En cuestión de minutos, un río puede dejar de ser un río y convertirse en una muralla de agua, lodo y rocas que arrasa con todo lo que encuentra. Eso es exactamente lo que ocurrió en Nepal, cerca de la frontera con el Tíbet: un sismo desencadenó un deslizamiento masivo que bloqueó temporalmente el cauce de un río, el agua se acumuló y, cuando la barrera cedió, descendió con una violencia que arrasó viviendas, carreteras y puentes. Las cifras de víctimas y desaparecidos siguen actualizándose mientras los equipos de rescate trabajan en la zona.

No es un accidente aislado. Es la expresión más brutal de por qué el Himalaya concentra, como pocas regiones en el mundo, todos los factores que pueden convertir un evento geológico en una catástrofe humana.

El Himalaya es una de las cordilleras más jóvenes y activas del planeta. Su formación continúa: las placas tectónicas que lo generaron siguen en movimiento, lo que lo convierte en una zona de alta actividad sísmica. Un sismo que en otra región pasaría casi desapercibido puede, en estas montañas, desestabilizar laderas cargadas de sedimento, nieve o hielo.

A eso se suma el factor climático. El calentamiento global está acelerando el deshielo de los glaciares himalayos, lo que genera los llamados lagos glaciales: cuerpos de agua retenidos por barreras de hielo o morrenas que, cuando ceden, liberan volúmenes enormes de agua en muy poco tiempo. Este fenómeno, conocido como Glacial Lake Outburst Flood (GLOF), es cada vez más frecuente en la región y representa una amenaza creciente para las comunidades que viven aguas abajo.
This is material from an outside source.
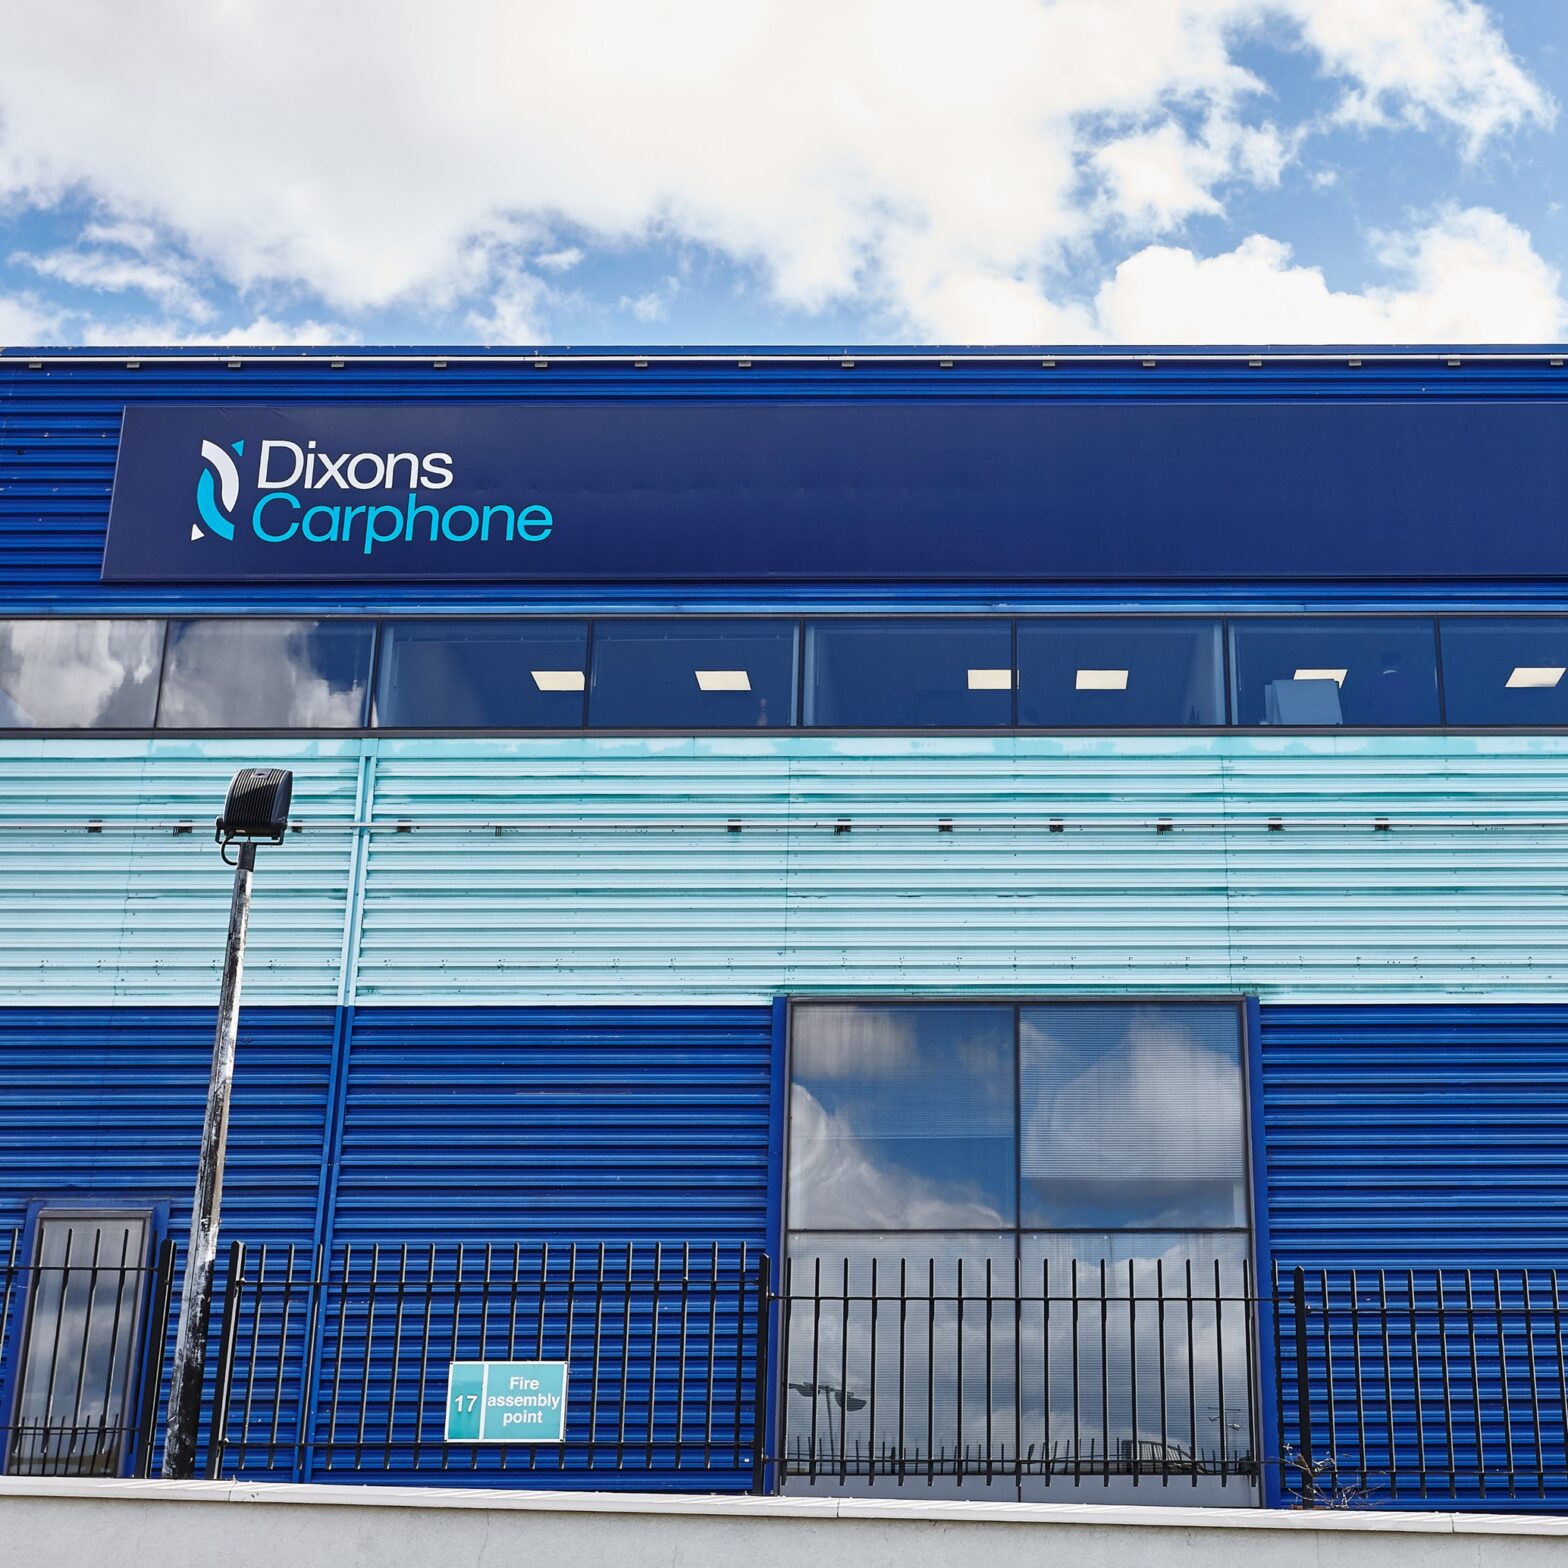 Tamlite Dixons Carphone building exterior sign in blue feature image

En el caso de esta riada, el mecanismo fue distinto —un deslizamiento sísmico bloqueó el río— pero el principio es el mismo: una barrera que se forma y colapsa de manera súbita, con consecuencias devastadoras.

Nepal: vulnerabilidad estructural, no solo geográfica

Nepal es uno de los países con mayor exposición a desastres naturales en Asia, y también uno de los que cuenta con menos recursos para responder a ellos. La combinación de pobreza, infraestructura limitada y una geografía extrema hace que cada evento de este tipo golpee de manera desproporcionada a las comunidades más alejadas, precisamente las que viven más cerca de ríos y laderas inestables.

Las zonas cercanas a la frontera con el Tíbet son especialmente remotas. Las carreteras que las conectan con el resto del país suelen ser las primeras en quedar inutilizadas durante una emergencia, lo que complica los rescates y el acceso a ayuda humanitaria.

Los modelos climáticos proyectan que los eventos de precipitación extrema en el Himalaya serán más intensos y frecuentes a medida que avance el siglo. Eso, combinado con el retroceso glacial y la inestabilidad de las laderas, sugiere que episodios como el de Nepal no son anomalías: son señales de una tendencia.

La respuesta no puede limitarse a la emergencia inmediata. Requiere sistemas de alerta temprana que lleguen a comunidades remotas, cartografía actualizada de lagos glaciales en riesgo, y una conversación global sobre quién financia la adaptación climática en los países que menos han contribuido al problema y más lo padecen.

Nepal no generó la crisis climática. Pero la está pagando con vidas.